## GOAL OF THE EXERCISE:
Reproduce verbatim all of the data given below, but do not carry over the images.
----- SOURCE DATA
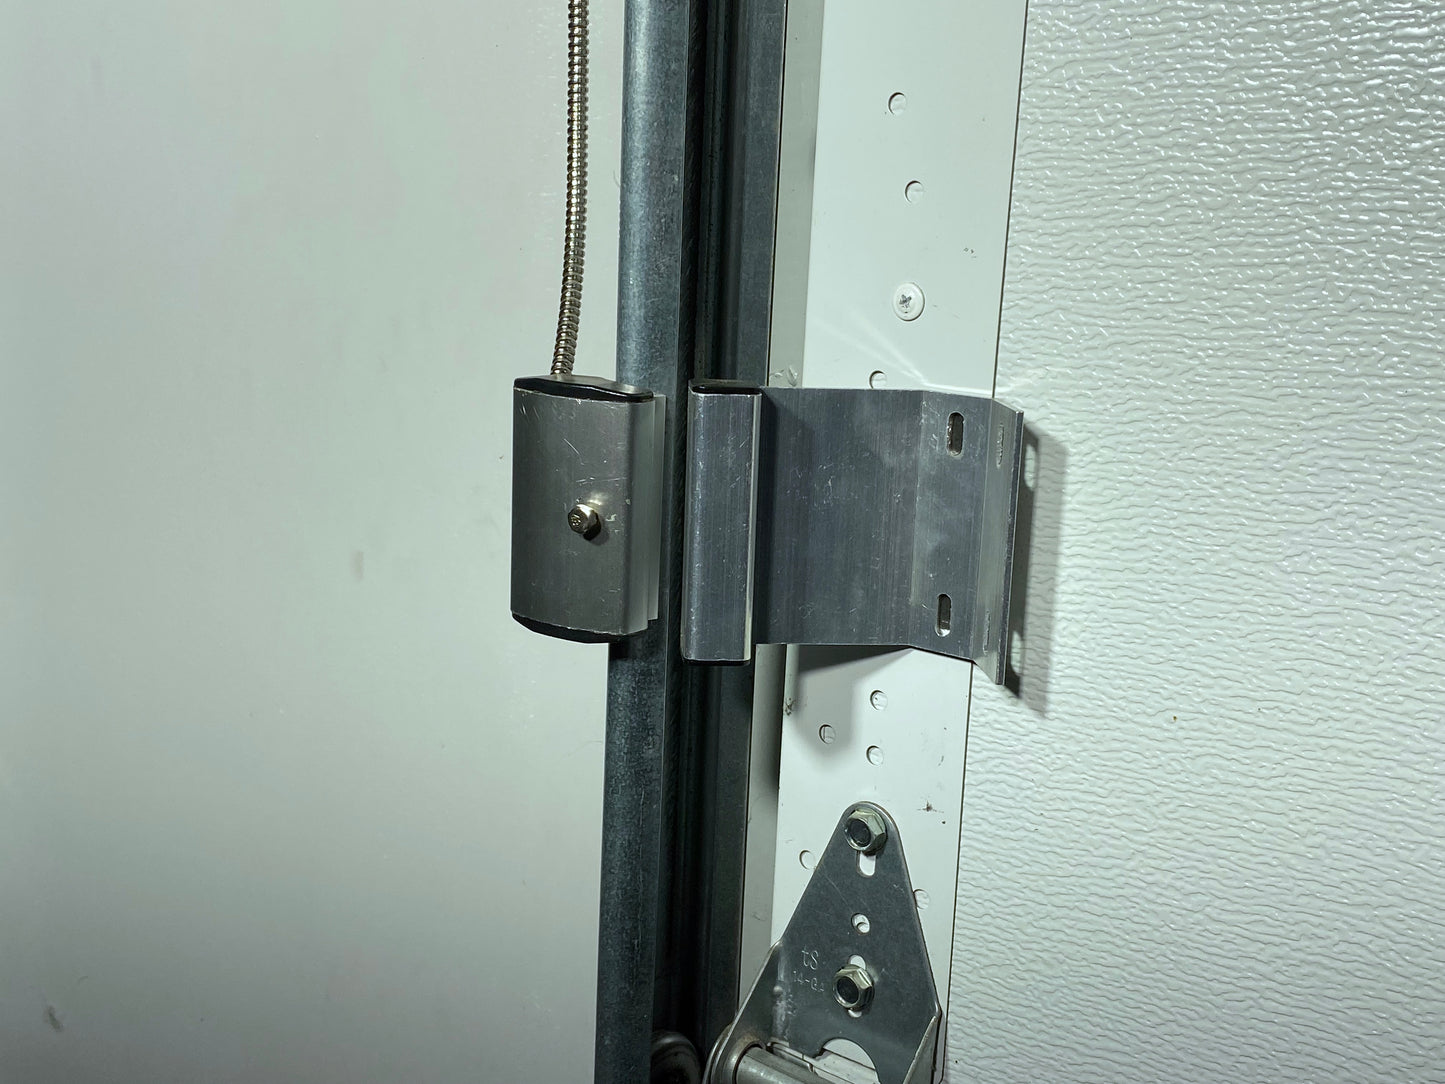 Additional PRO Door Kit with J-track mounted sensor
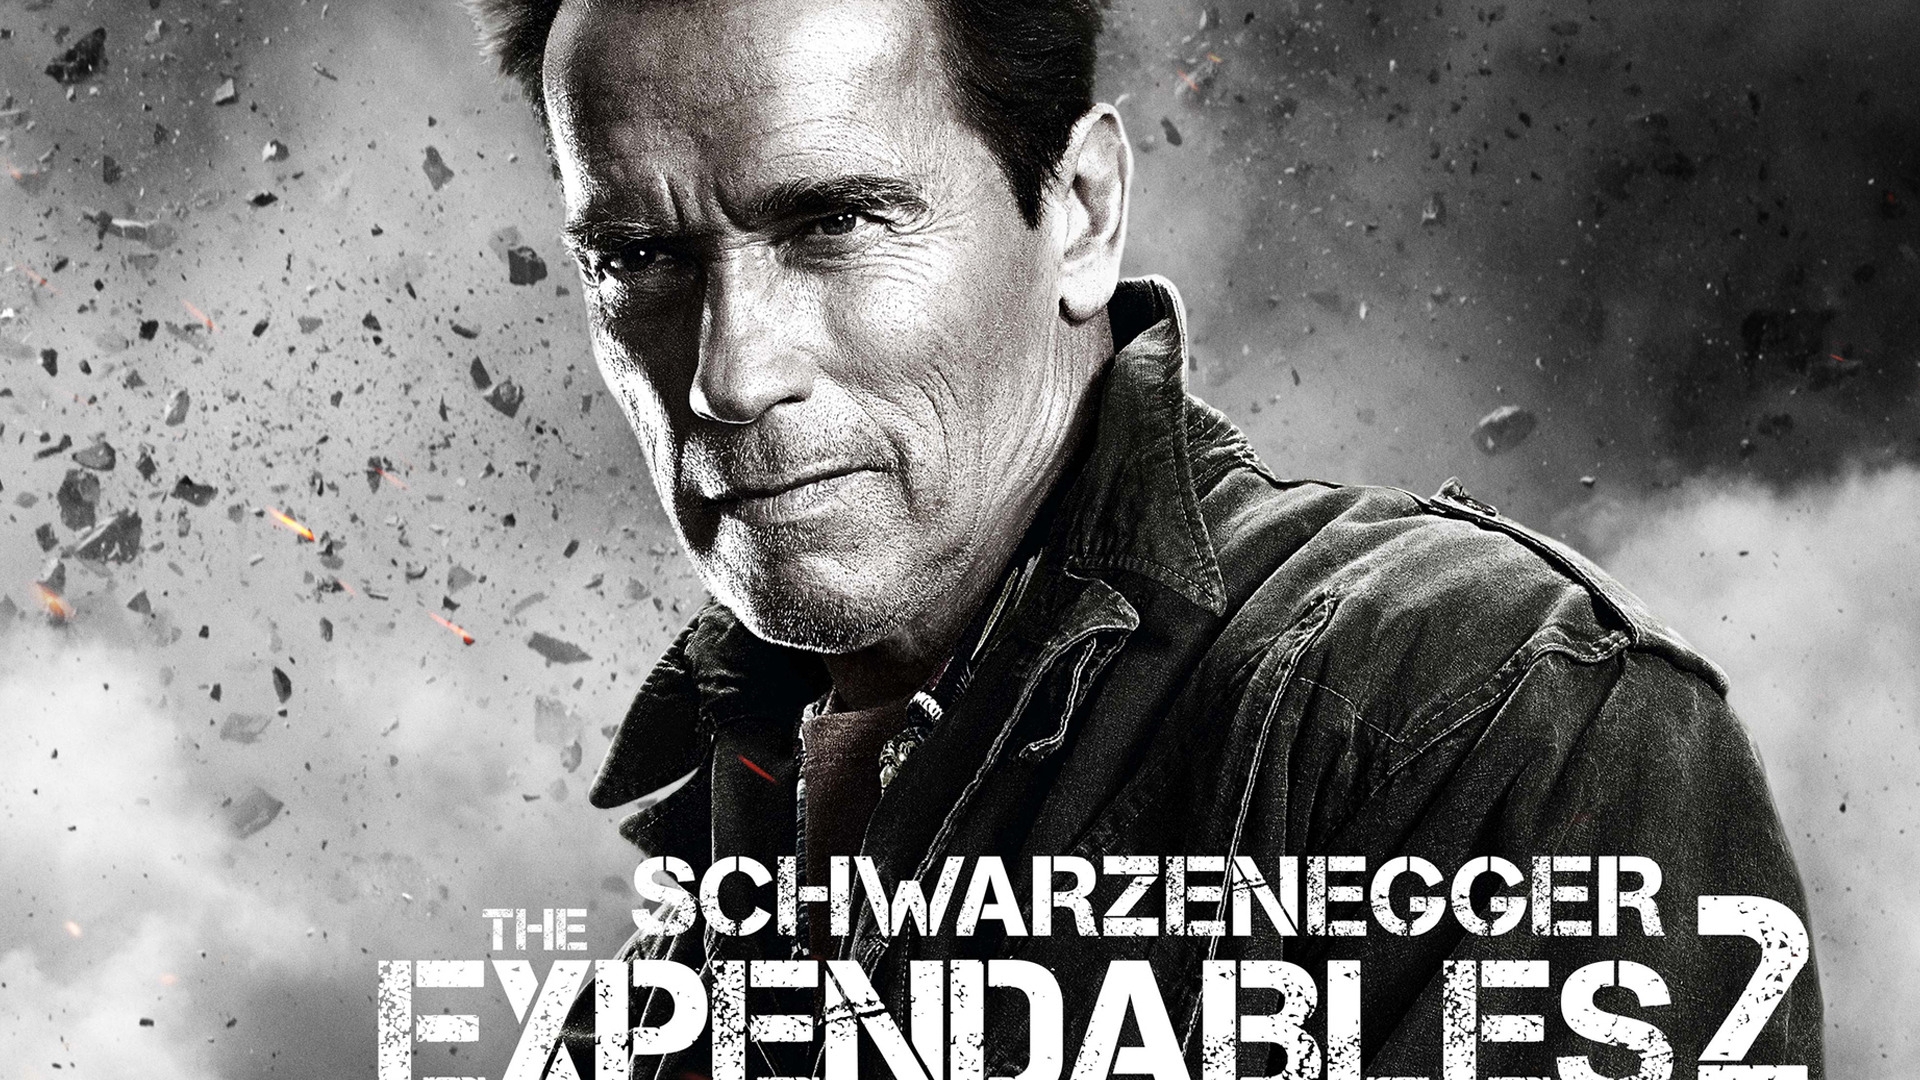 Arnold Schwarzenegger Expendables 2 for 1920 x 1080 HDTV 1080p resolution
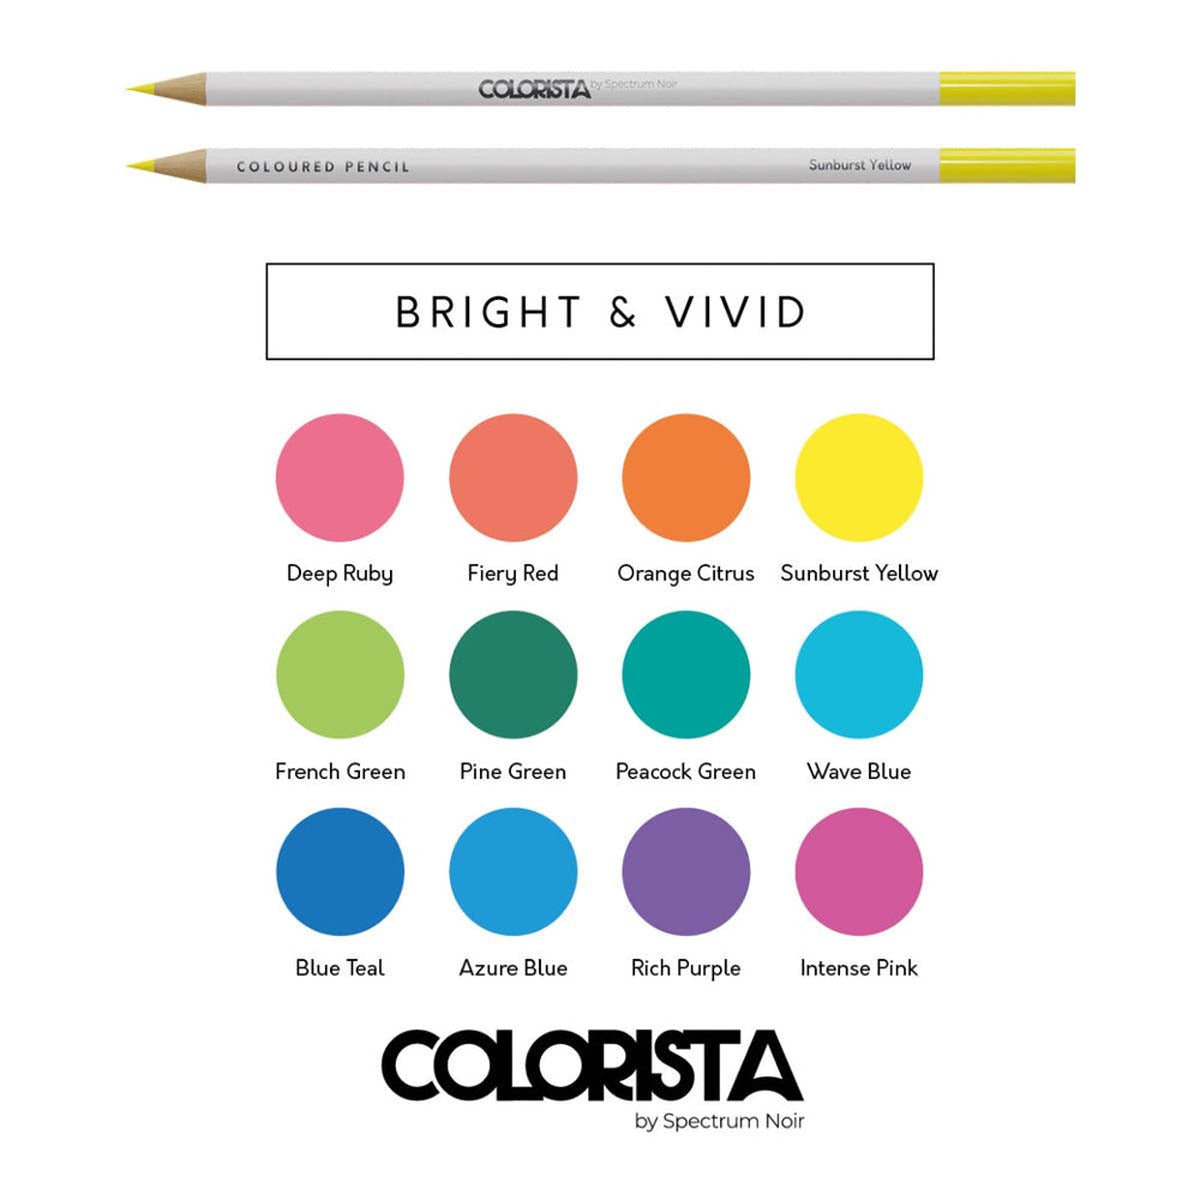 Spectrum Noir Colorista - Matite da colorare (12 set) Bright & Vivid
----------
## EXERCISE ANSWER:
 Additional PRO Door Kit with J-track mounted sensor
 Arnold Schwarzenegger Expendables 2 for 1920 x 1080 HDTV 1080p resolution
 Spectrum Noir Colorista - Matite da colorare (12 set) Bright & Vivid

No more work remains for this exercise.